Chapter 36

If you can make one heap of all your winnings

And risk it on one turn of pitch-and-toss,

And lose, and start again at your beginnings

And never breathe a word about your loss;

…Yours is the Earth and everything that’s in it,

And—which is more—you’ll be a Man, my son!

- Rudyard Kipling

The hour was pre-dawn. He had woken up even before his alarm had gone off, or so Iram had pointed.

In truth, Atharva hadn’t slept all night, thinking and mulling over the membership drive trip.

He had thought exactly what he would do, planned it down to the hours, made notes on his phone about what he would say at every citizen group and community gathering that they would visit, pulled up the research notes that he had drawn up himself — because he did not have the privilege of an assistant here.

Zafarji was still tied up with being discharged from office.

Atharva had asked him to stay put but he had decided to leave after his first month in Qureshi’s government.

Without him, Atharva was a man on his own.

He felt a familiar thrill course through his body.
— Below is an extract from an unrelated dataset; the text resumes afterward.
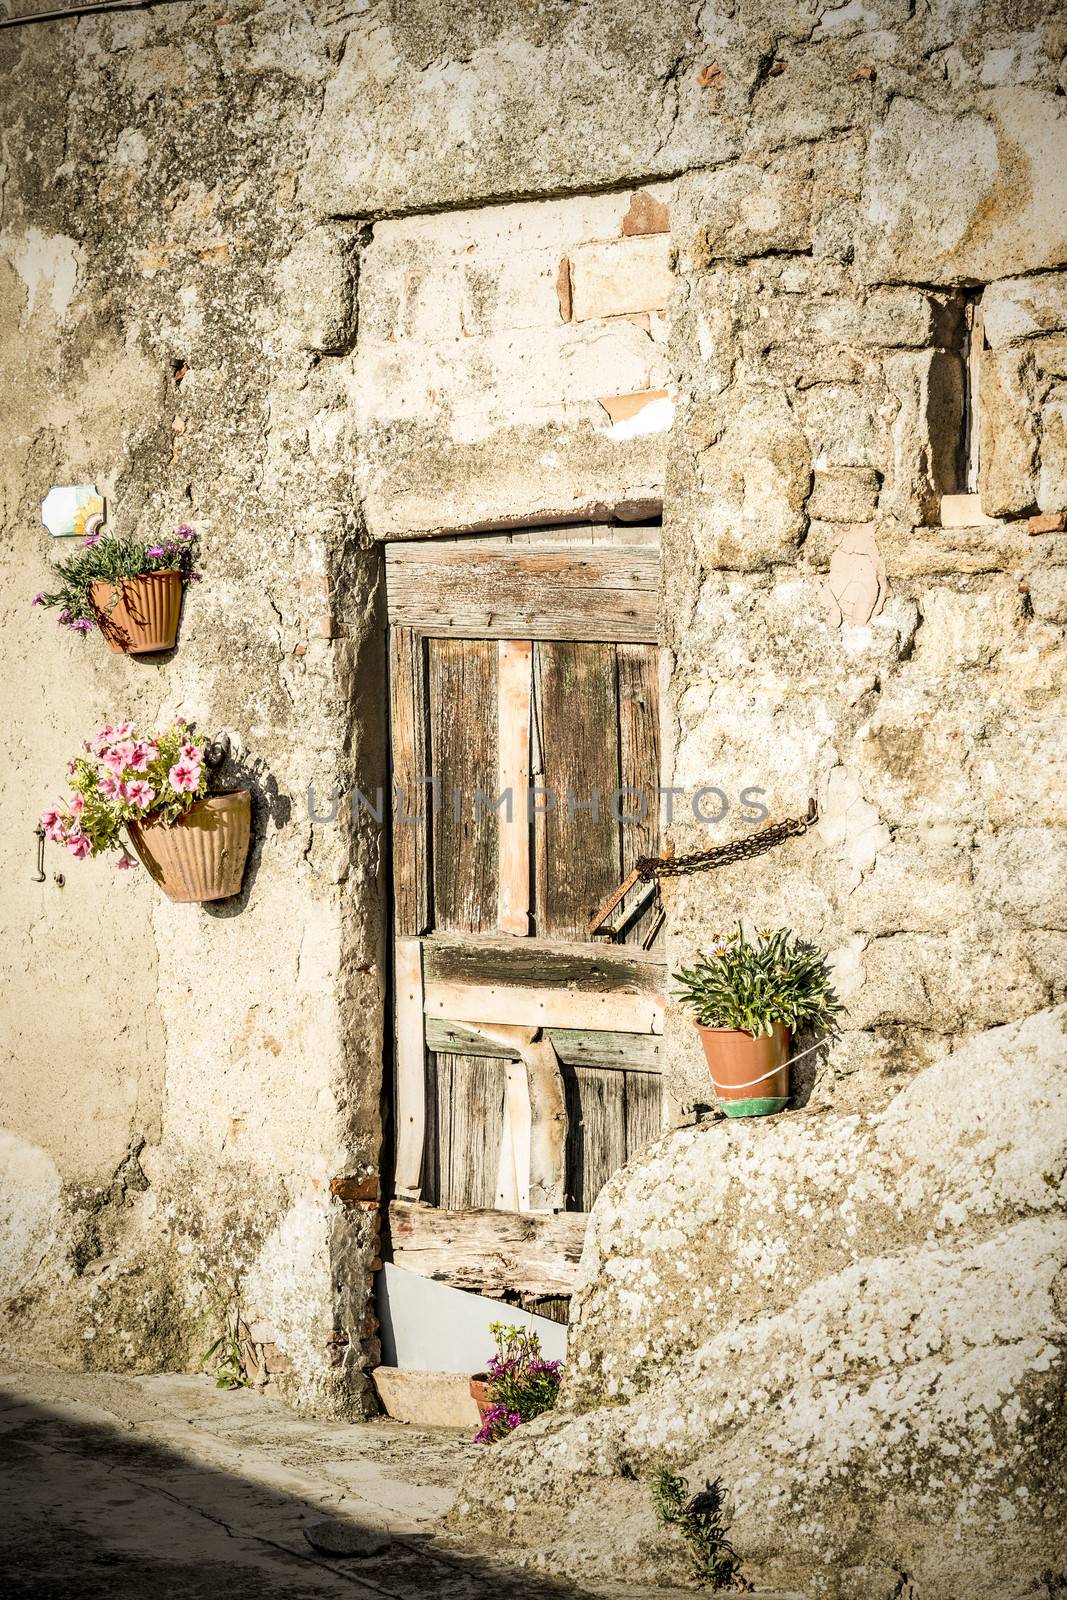 Picture of a door of a old house in tuscany, italy
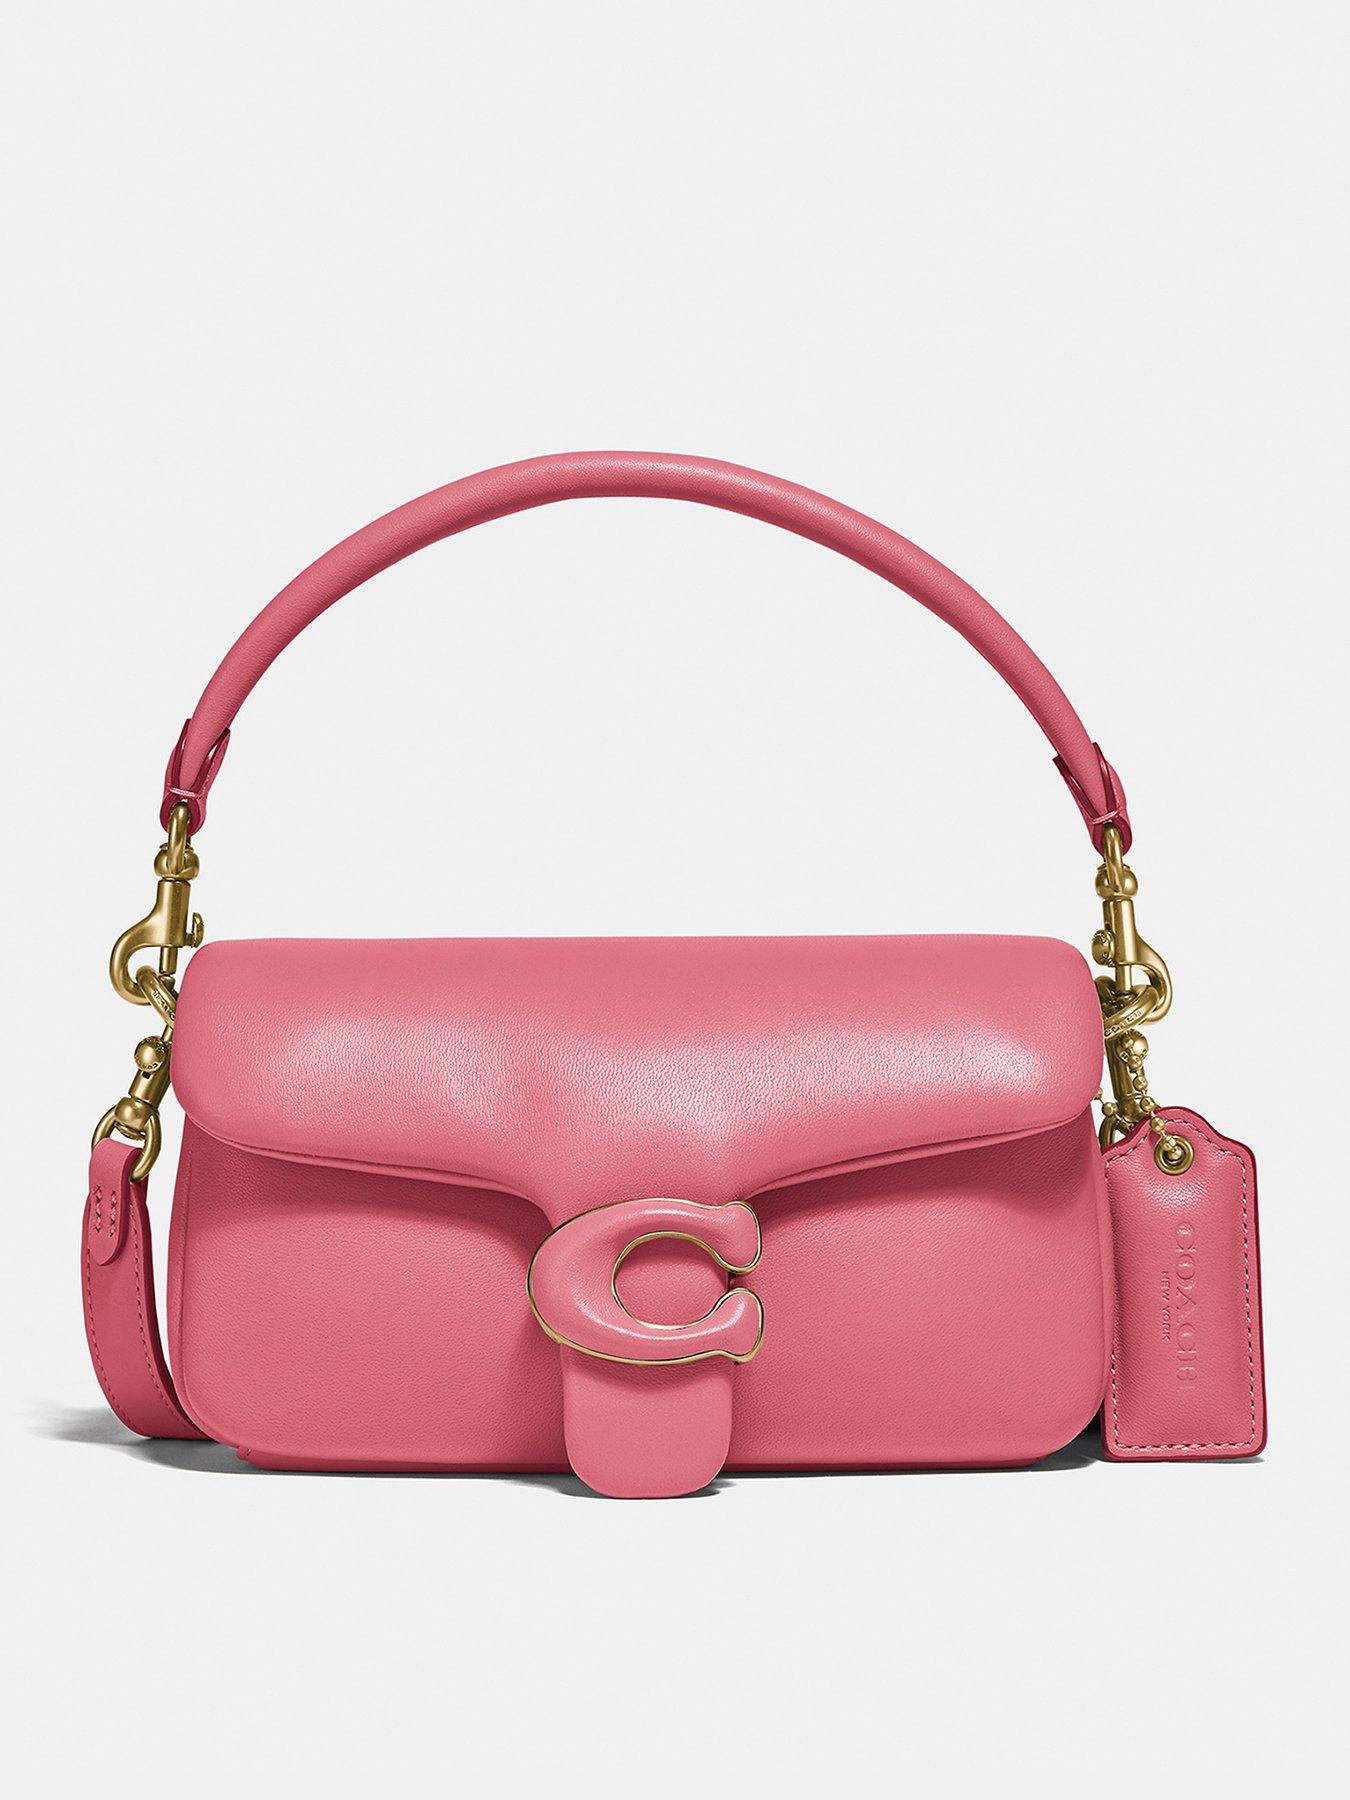 COACH Pillow Tabby 18 Leather Shoulder Bag - Pink | very.co.uk

A thrill he hadn’t felt in long years. As KDP had grown and flourished, the basics had been outsourced while he had taken higher, more important matters into his hands.

Speeches, networking, policymaking, interviews, press barrages and the lot.

This, the low level booth visits, the talking one-on-one with the most common person on the street, had been lost in his quest for bigger targets.

“Atharva,” Iram walked into their bedroom with a whisper. Yathaarth was peacefully sleeping on the bed between their pillows, cocooned by more pillows since they were both up and about.

“I was just coming down,” he grabbed his wallet and pushed it into his back pocket, reaching for his car keys and phone — a combination he hadn’t filled his pockets with in a long time.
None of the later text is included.